1. Field of the Invention
This invention relates to a process and apparatus for adjusting a semiconductor wafer by electron beam illumination.
2. Description of the Prior Art
In the production of semiconductor components, photolithographic etching techniques are used to etch structures in semiconductor wafers or in layers arranged on the semiconductor wafers. Irradiation masks are optically aligned on light-sensitive lacquer which is arranged on the semiconductor wafer. In addition to light-optical projection and copying processes, electron-optical processes are also used. In comparison to the light-optical projection process, the electron-optical processes have the advantage that projection inaccuracies caused by diffraction phenomena are less. When electron-optical projection and copying processes are used, the semiconductor wafers provided with an electron-sensitive lacquer must be adjusted in relation to the irradiation mask. In the case of electron beam alignment, in which an electron beam deflected by electromagnetic means automatically produces an illuminated area on a radiation-sensitive lacquer layer, the semiconductor wafer must be adjusted with respect to a radiation reference which is struck by the non-deflected beam. This adjustment must be highly accurate, particularly when the semiconductor wafer is provided with existing structures, which, in the production of a semiconductor device, must have a definite position in relation to the subsequently applied structures.

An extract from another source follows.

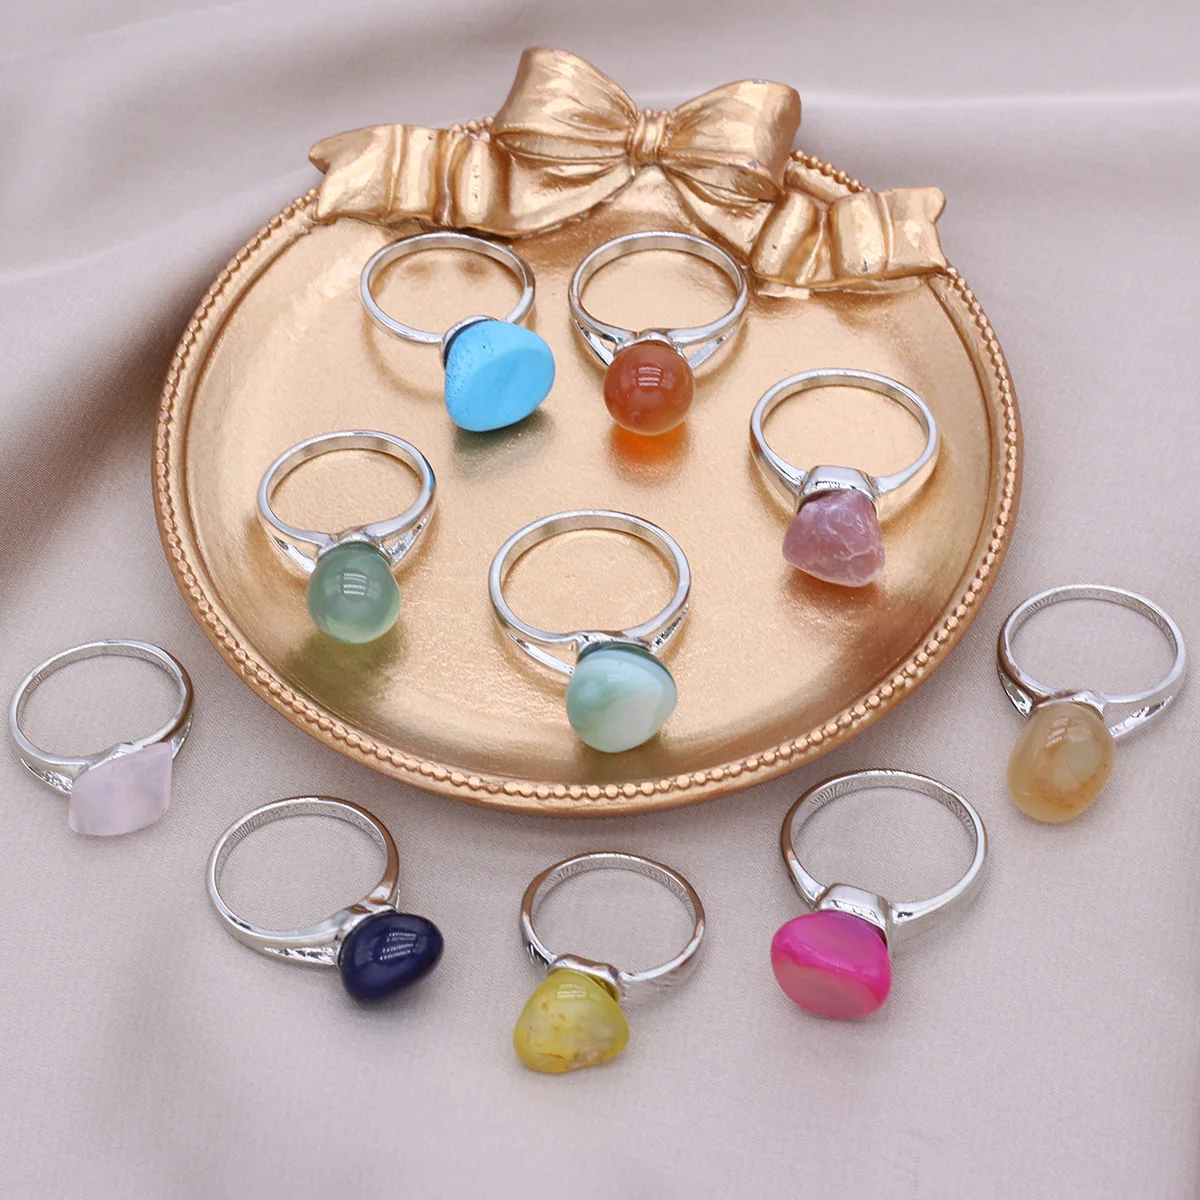 

10Pcs Ring Multi Style Combo Natural Stone White Stone Add color Ring Charm Wedding Banquet Party Ring For Woman Girls Jewellery

In accordance with the prior art, the adjustment with the aid of an electron beam is effected by moving the beam across an adjustment mark in the form of a stage arranged on the semiconductor wafer. When the electron beam penetrates into the material comprising the adjustment mark, it releases secondary or backscatter electrons which move away from the adjustment mark in a direction which is different to the direction of the oncoming electron beam. The secondary electrons and the backscatter electrons are intercepted by a detector. For purposes of adjustment, either the semiconductor wafer or the electron beam source is displaced until the detector supplies the desired signal. When the semiconductor wafer and the adjustment mark in the form of a stage on the semiconductor wafer are coated with an electron sensitive lacquer, as is necessary when an electron-optical illuminating process is being used, the signal produced by the backscatter and secondary electrons is considerably flattened and blurred. This results since the secondary and backscatter electrons are subject to additional scatter processes in the overlying electronsensitive lacquer. Blurred and unclear signals of this type are not very suitable, particularly for automatic adjustment. Also, a further complication arises since for secondary and backscatter electrons, the signal to noise ratio is small.